| EXERCISE BRIEF |
Retype the lines from the one containing "Piiijiit-Hiimeessd vuokrakustannukset euroaf" through the last line of the entries below, exactly and in full, omitting every image.
###
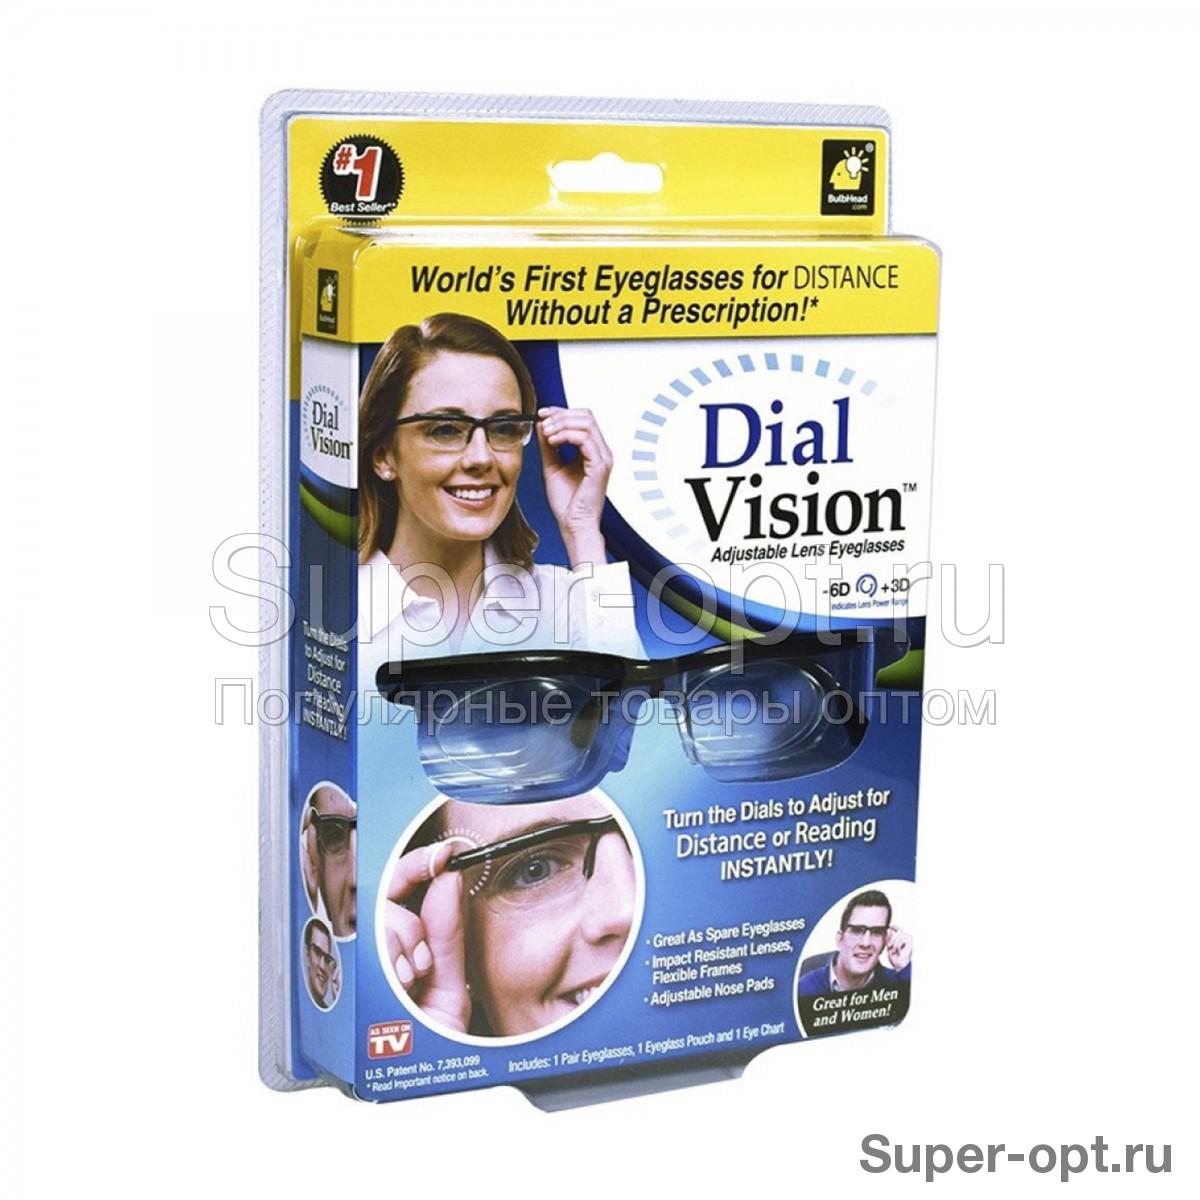 Очки с регулировкой линз Dial Vision - Adlens
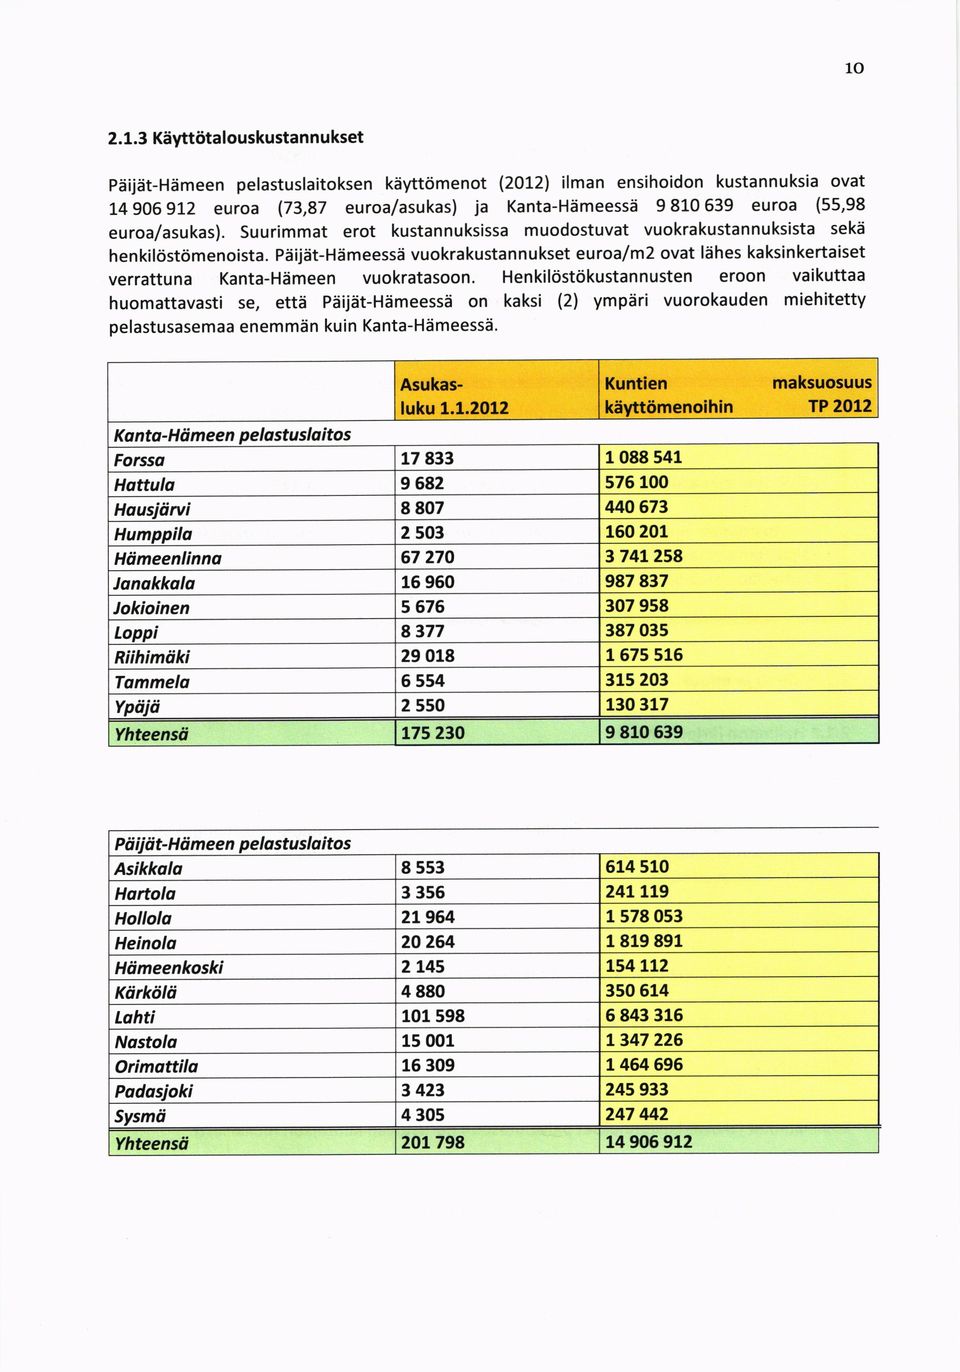 Piiijiit-Hiimeessd vuokrakustannukset euroaf m2 ovat l6hes kaksinkertaiset verrattuna Kanta-Hdmeen vuokratasoon.
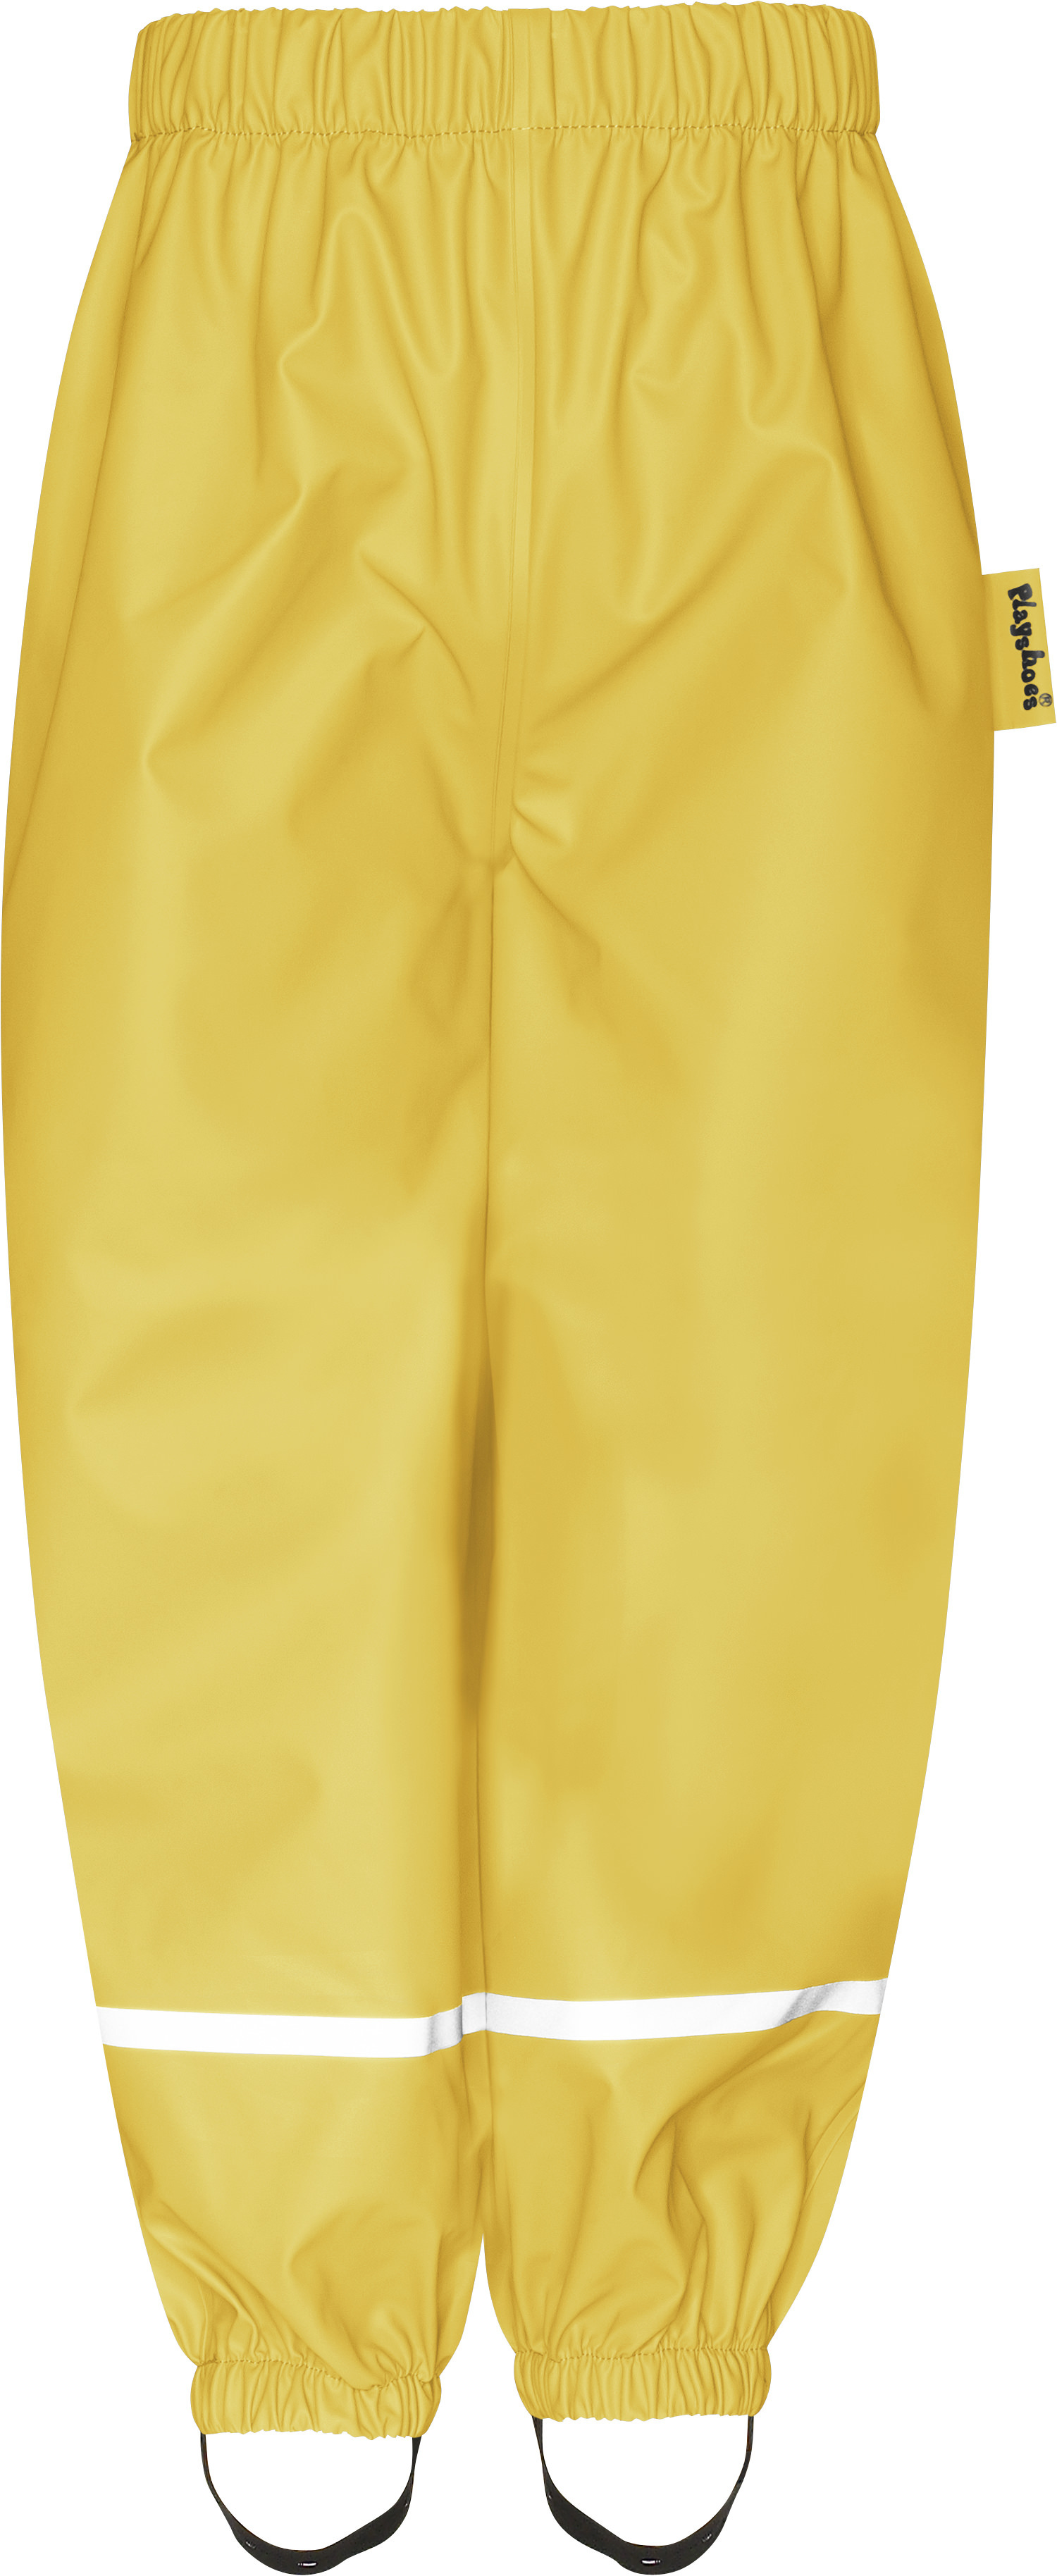 Брюки детские Playshoes 408626, желтый, 140
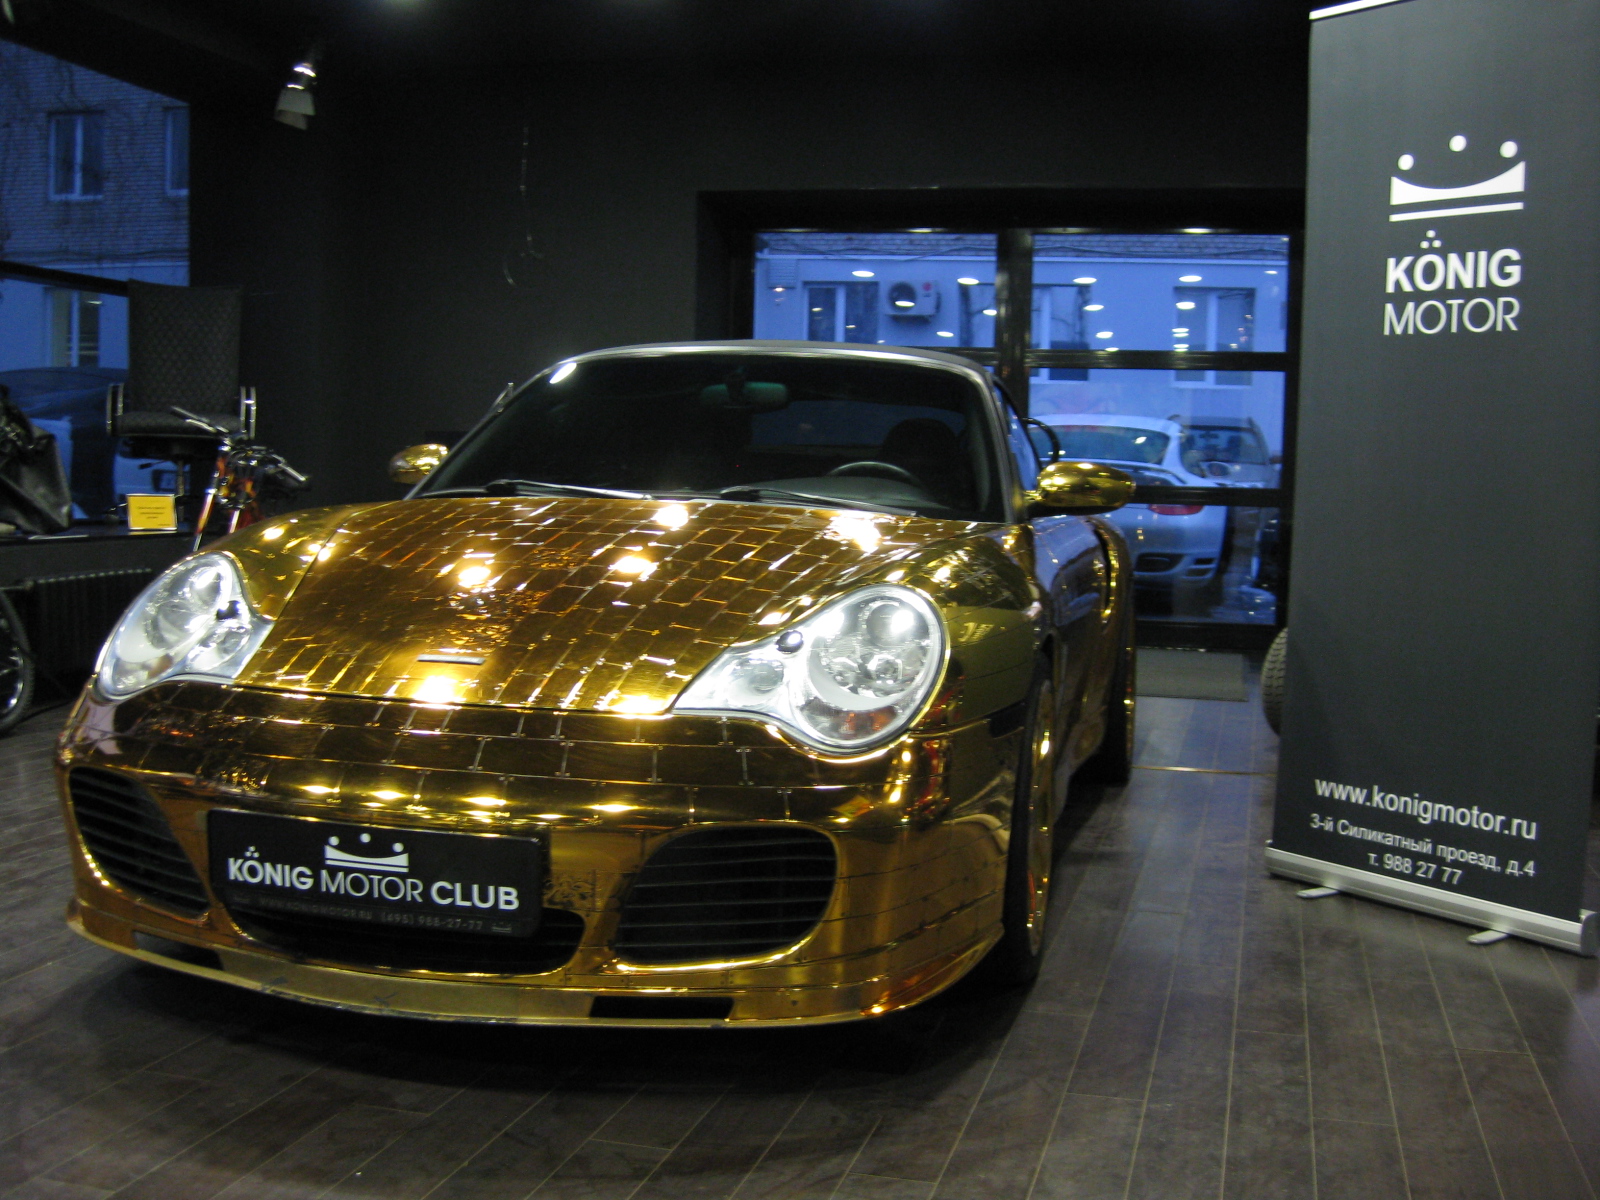 Wereldberoemde gouden Porsche 996 Turbo Cabriolet staat te koop
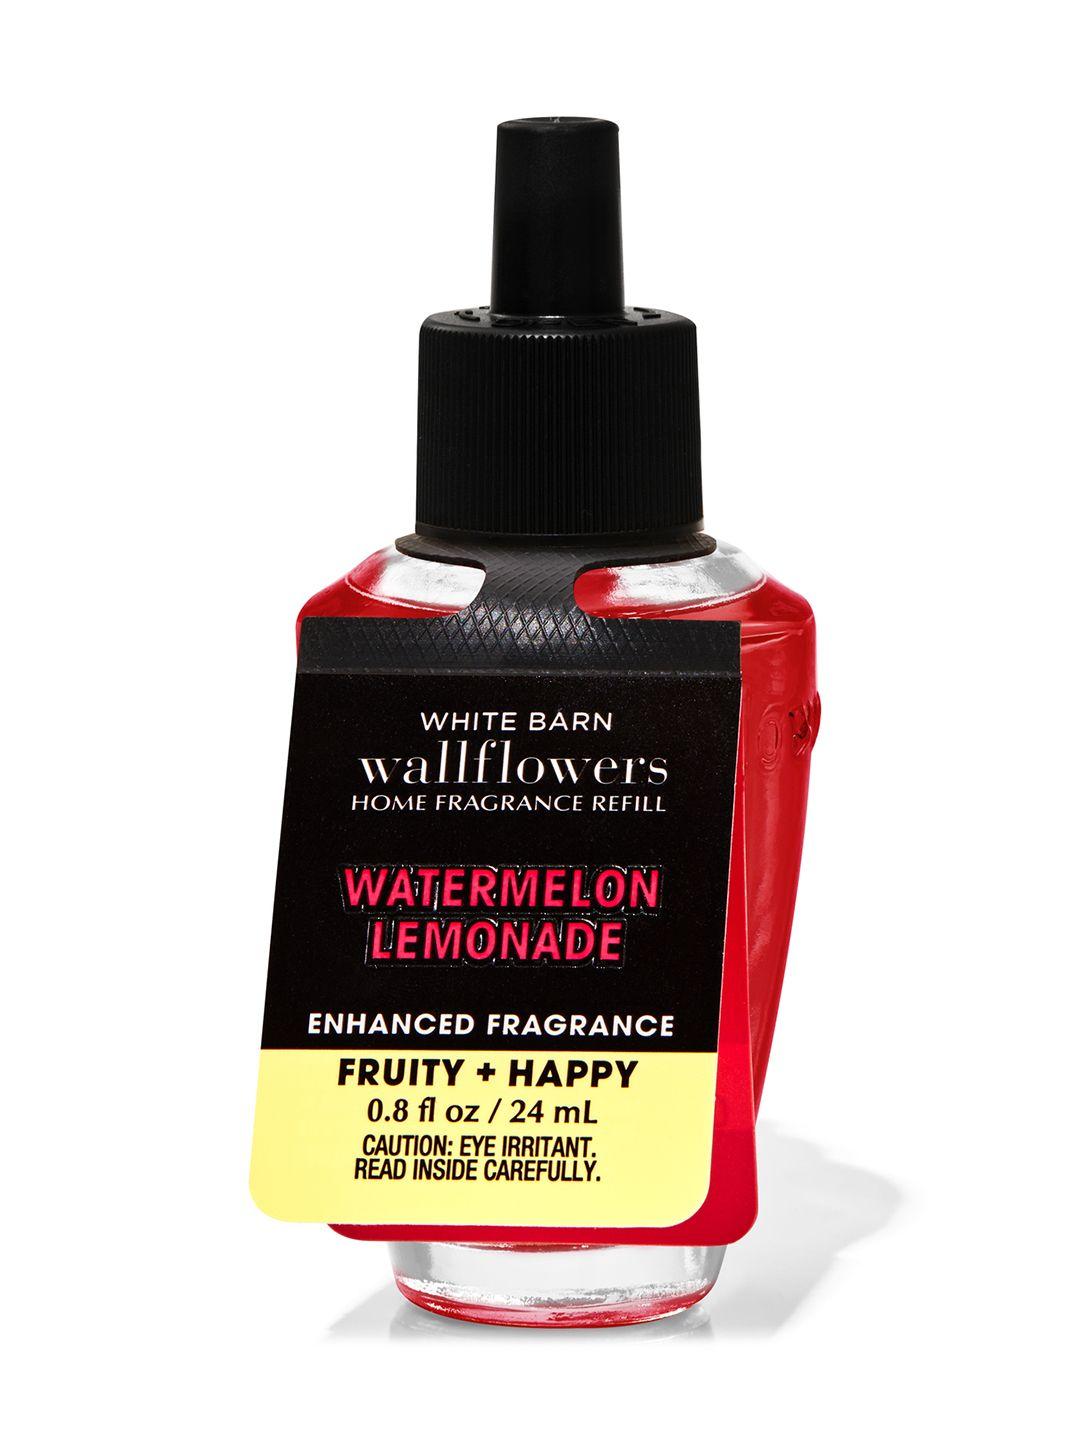 bath & body works watermelon lemonade wallflowers fragrance refill - 24 ml
###
| SOLUTION BELOW |
 Piiijiit-Hiimeessd vuokrakustannukset euroaf m2 ovat l6hes kaksinkertaiset verrattuna Kanta-Hdmeen vuokratasoon.
 Брюки детские Playshoes 408626, желтый, 140
 Wereldberoemde gouden Porsche 996 Turbo Cabriolet staat te koop
 bath & body works watermelon lemonade wallflowers fragrance refill - 24 ml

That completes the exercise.